Virtuous women
We know of good women from literature, legend, coins and statues but, above all, from the many epitaphs that have survived from Roman Italy - such as the following, concerning 'Claudia'.
'Stranger, my message is short. Stop and read it. This is the unlovely tomb of a lovely woman. Her parents gave her the name Claudia. She loved her husband with all her heart. She bore two children, one of whom she left on earth, the other beneath it. She had a pleasing way of talking and walking. She tended the house and worked wool. I have said my piece. Go your way.' (Corpus of Latin Inscriptions, CIL 6.15346)

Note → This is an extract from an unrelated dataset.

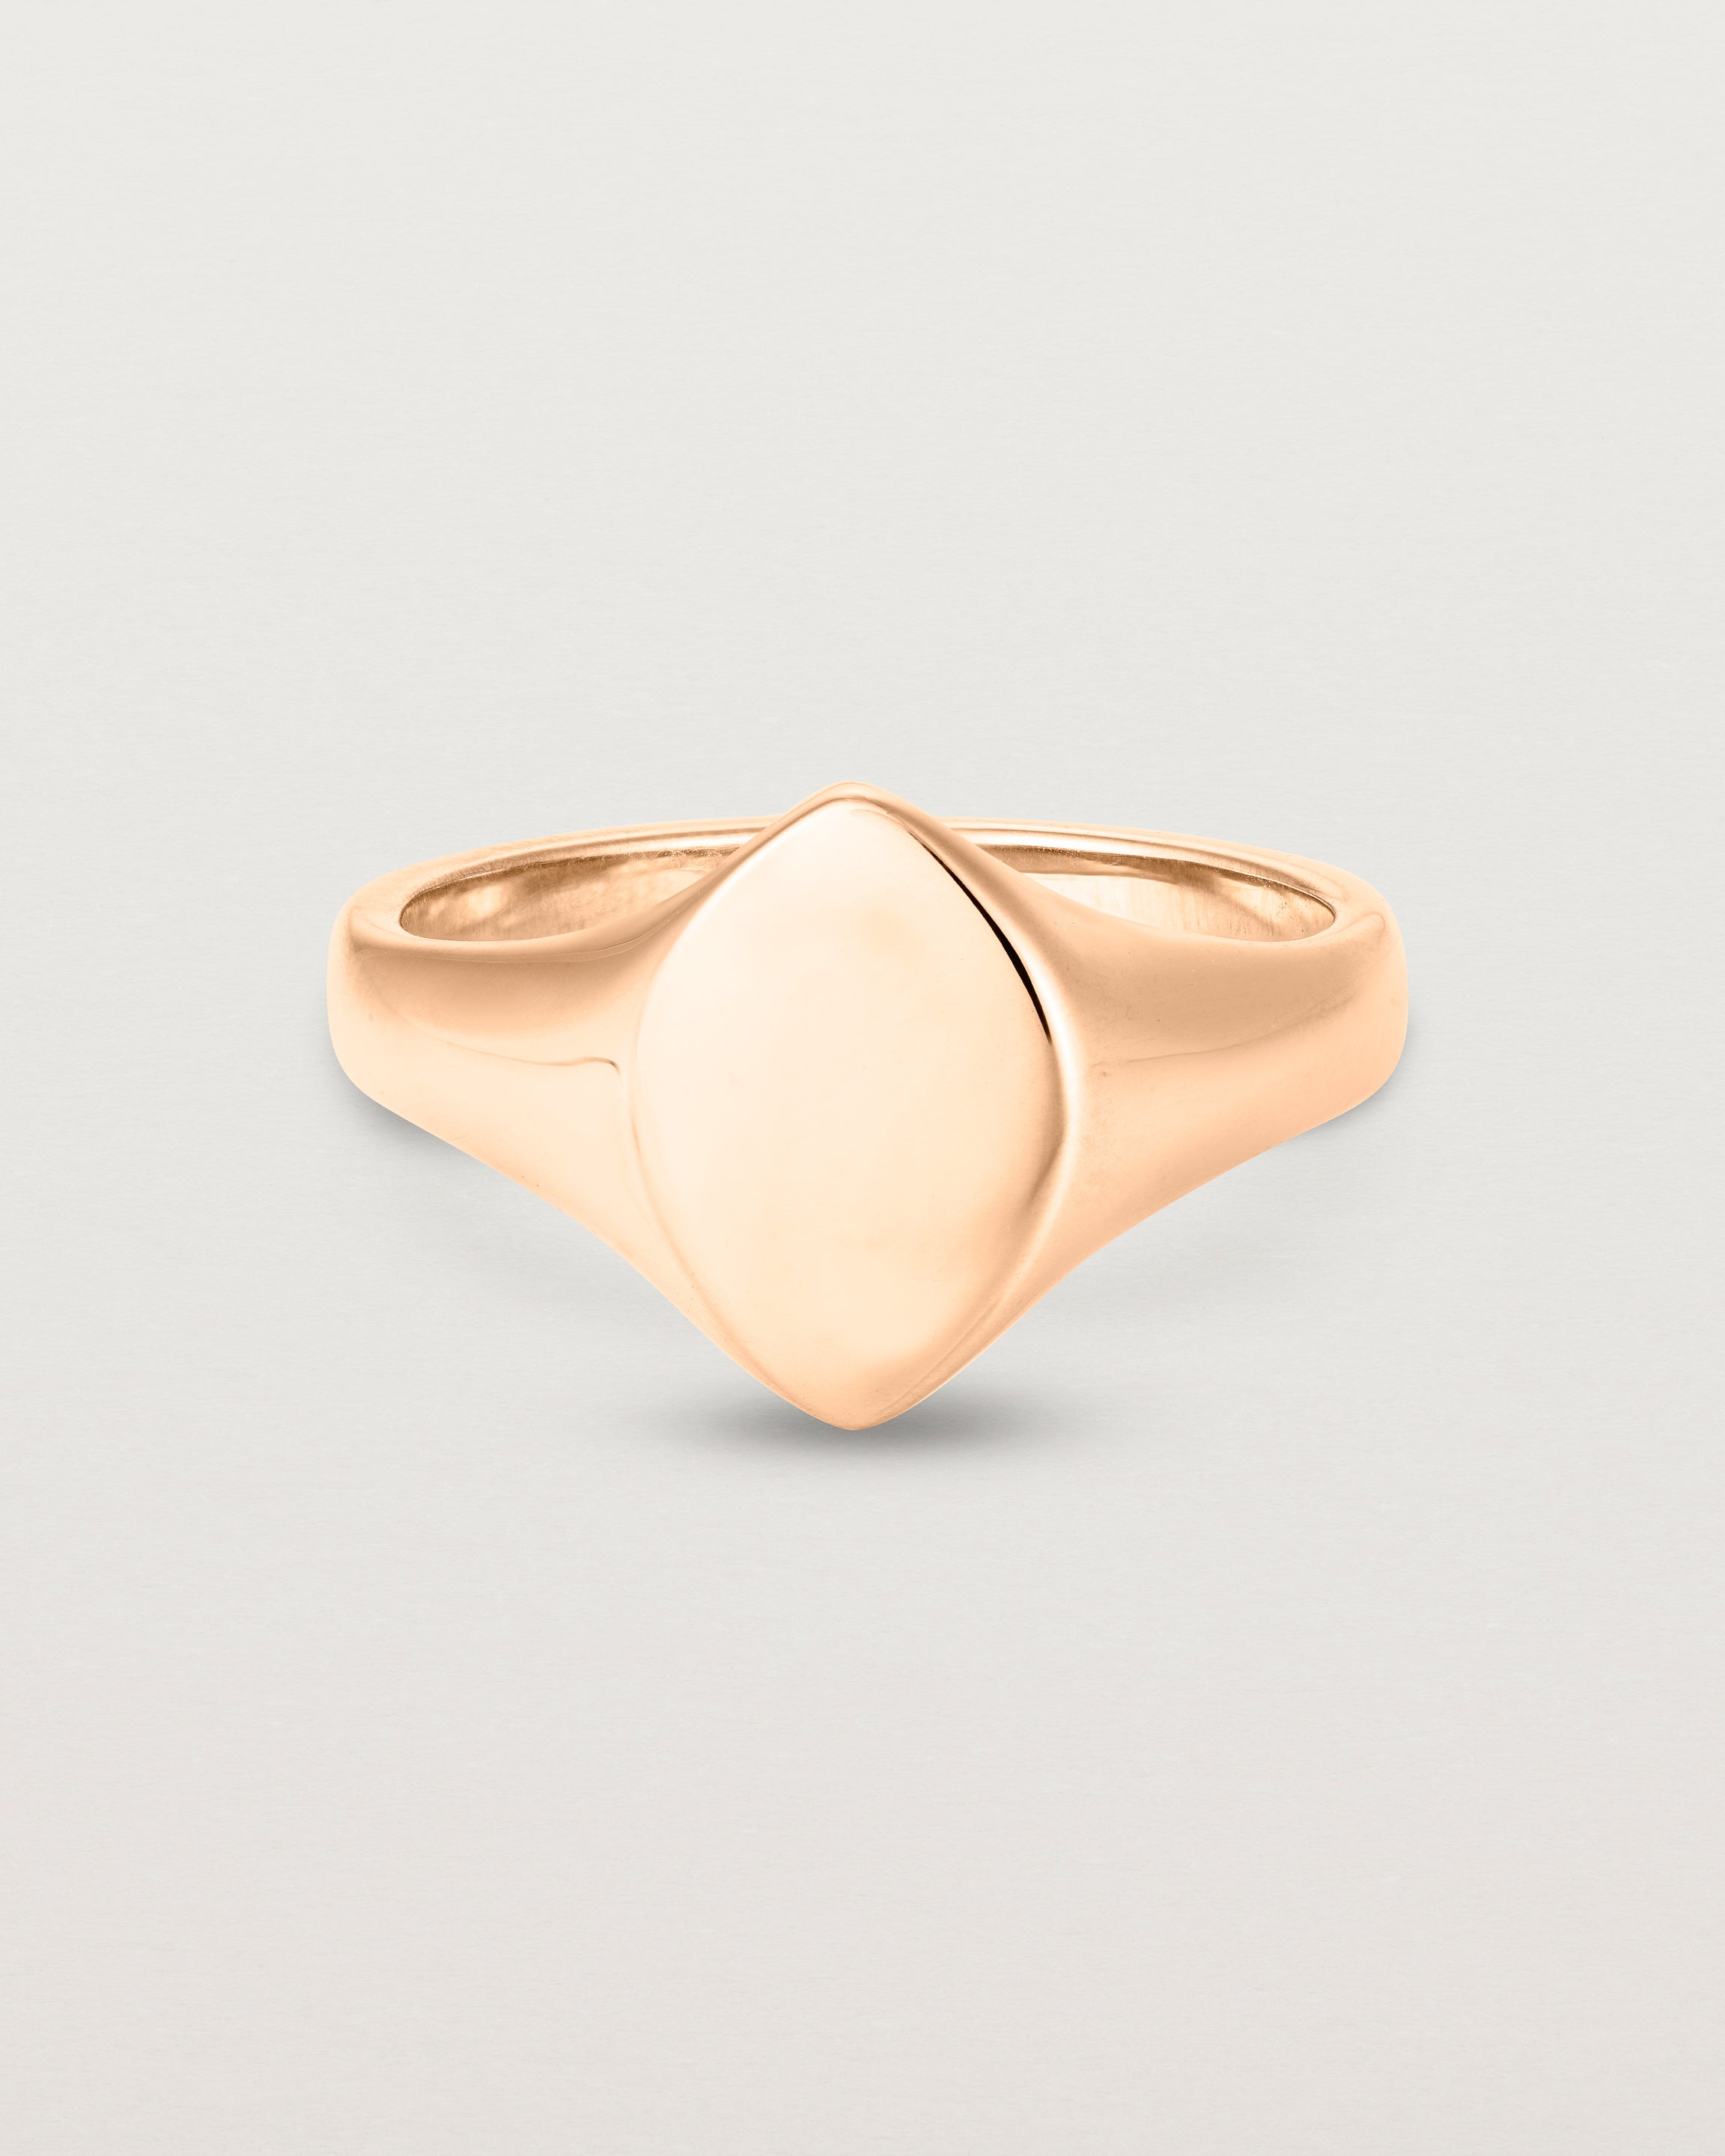 Front view of the Willow Signet Ring in rose gold.

Bereaved Romans often praised their mothers, wives and daughters on their tombstones, although their words were usually much briefer than this famous epitaph from Italy in the late second century BC. Often, however, they did echo the key feminine virtues mentioned in the epitaph, those of affection, good housewifery and chastity. Wool work was very much a symbol of a good woman.
'Augustus instigated the practice of holding up the women of the imperial family as inspiring models of virtuous womanhood ...'
Every Roman schoolchild also learned the story of another good woman, Lucretia, who attracted the unwelcome attentions of a tyrant by her beauty and her domestic industry (working late at night at the loom). Her rape and subsequent suicide was said to be the origin of the Roman revolt against the Etruscan monarchy, and the foundation of the Roman Republic in 509 BC. The story is told by the historian Livy in his first book (late first century BC).
Augustus instigated the practice of holding up the women of the imperial family as inspiring models of virtuous womanhood in the first century AD. Later emperors carried it further and in the second century AD empresses such as Sabina (wife of the emperor Trajan) were depicted as embodying, for example, pietas (family feeling).
Faustina the younger, wife of Marcus Aurelius, often featured on coins symbolising various virtues, while Marcus's daughter-in-law, Lucilla, was particularly associated with modesty.
Letters and epitaphs tell of the particular grief of Roman parents if a girl died before marriage - and they seem truly to have delighted in their living daughters. The first and second century writer Pliny the Younger (Letter 5.16) paints a touching portrait of his friend's daughter, Minicia Marcella, who died at the age of 13.